I want to make the light source, which is positioned randomly between y=0~1 and
emits the light at the specific angle, 45 degrees. The light beam forms the
conical surface.
(Q1) Can I make this light source ?

I conceive that if the light through the torus (or the disk) is only rendering,
the above requirement can meet. So, I write the source code as follows, but the
pov-ray dose not work properly. It seems to be wrong with the "projected
through" option.
(Q2) What is wrong in my source code and how to  revise it ?
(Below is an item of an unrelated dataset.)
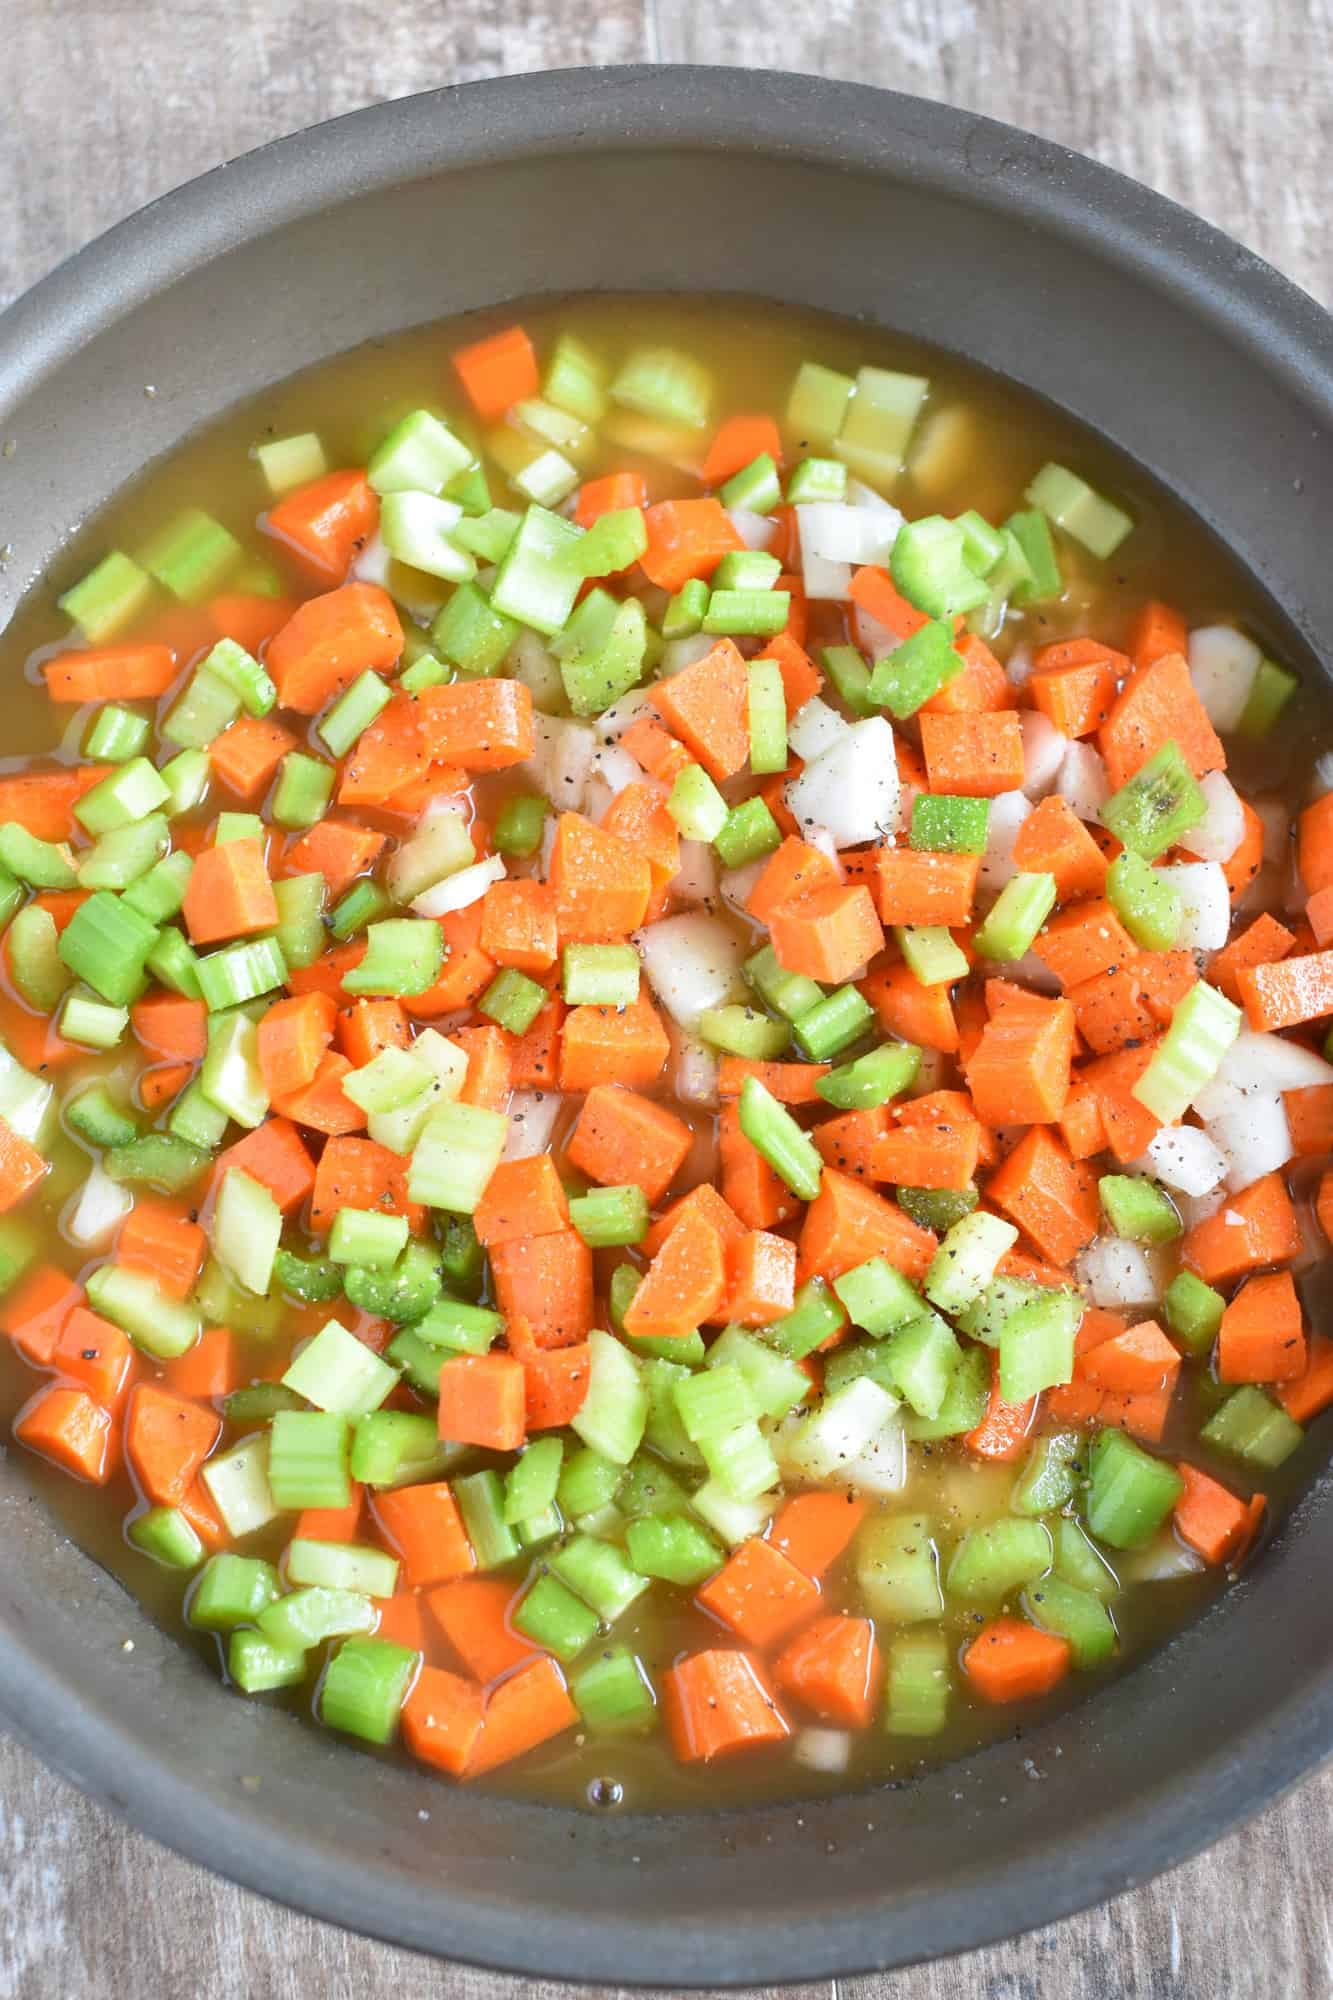 carrots, celery and onion in skillet with vegetable broth.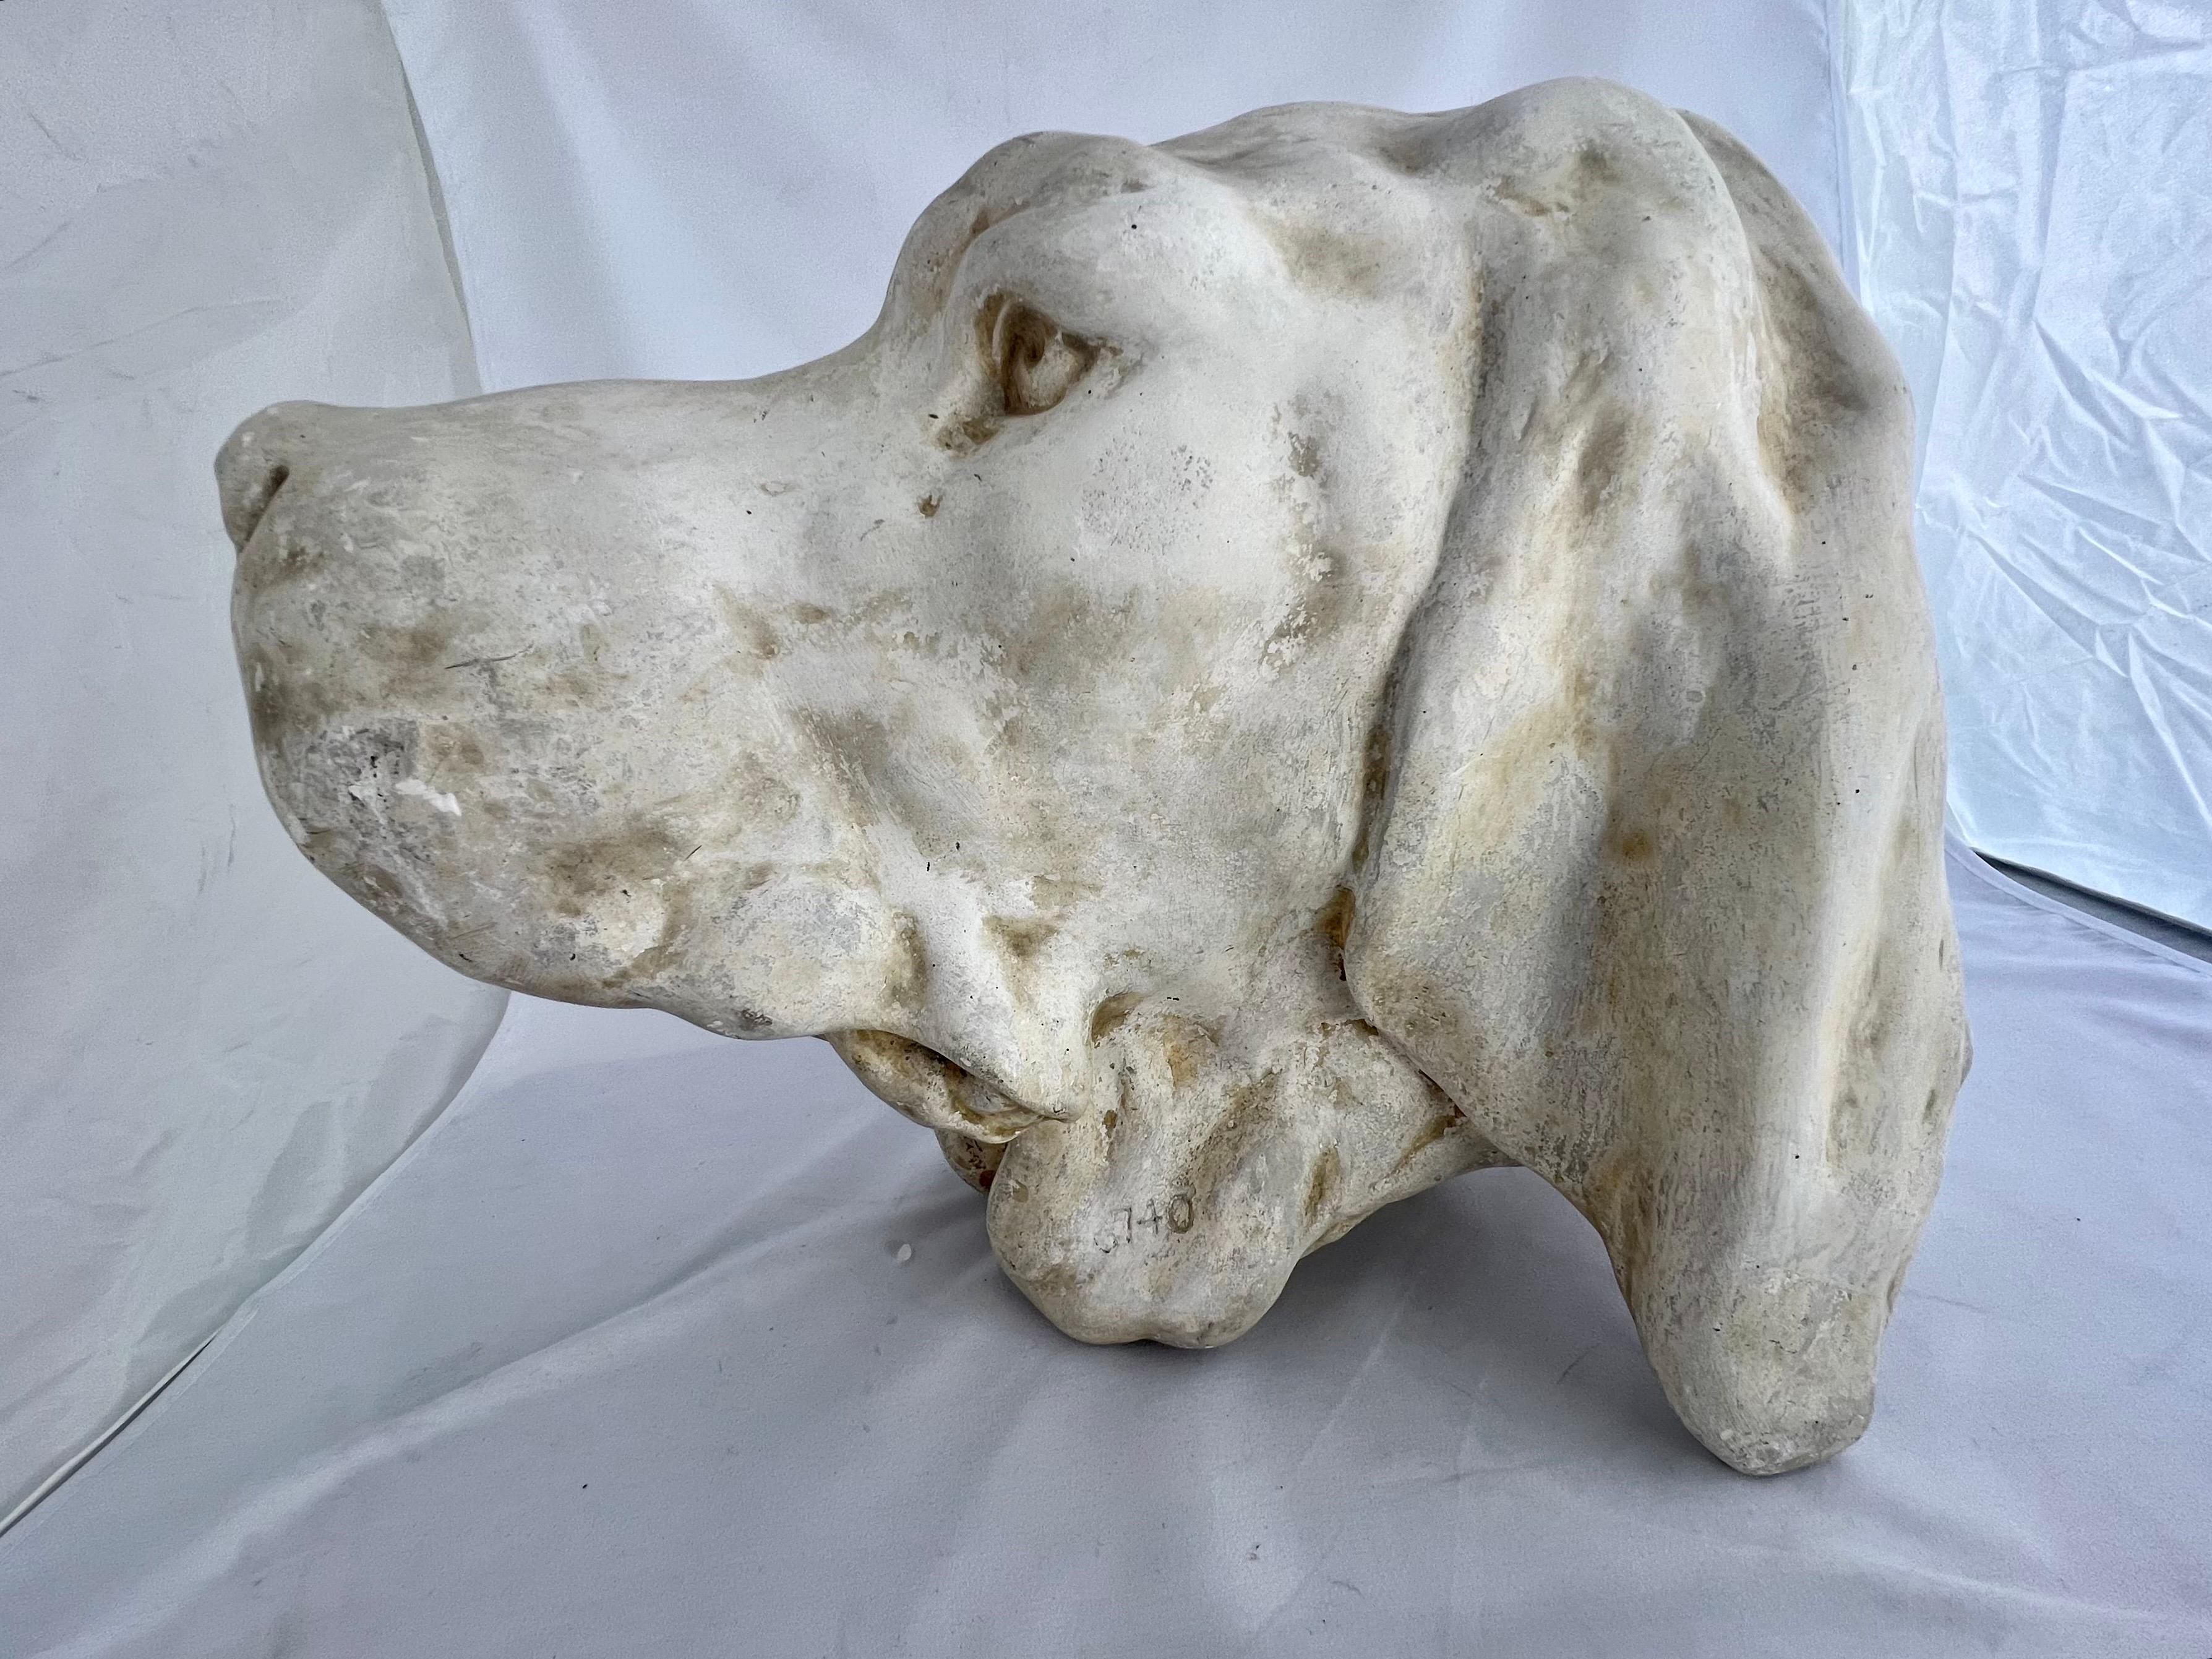 A plaster casting of a Pointer dog by the Caproni Bros. The brass hallmark on the back dates it to the beginning of the 20th century when the company was still young and growing. They made accurate castings from pieces they found in Europe and made

The pov-ray version is 3.7.

source code:
*********************************************
#include "colors.inc"
#include "textures.inc"

background{Black}

camera {

    location <0, -1, 0>
    right <-1.33, 0, 0>
    angle 40
    look_at <0, 0.5, 0>
  }


 //Source

 #declare r2 = seed(12345);
 #declare I = 0;
 #declare number = 10;



 #while (I < number)

 #declare a = rand(r2);

 #declare Object1 = torus {
                            0.1, 0.05

                            sturm
                            translate <0, a-0.1, 0>

 }


 light_source {

        <0, a, 0>
        color 100000
        projected_through {Object1}

        }



#declare I = I+1;
#end

 *********************************************


Sincerely,
Yoneyama.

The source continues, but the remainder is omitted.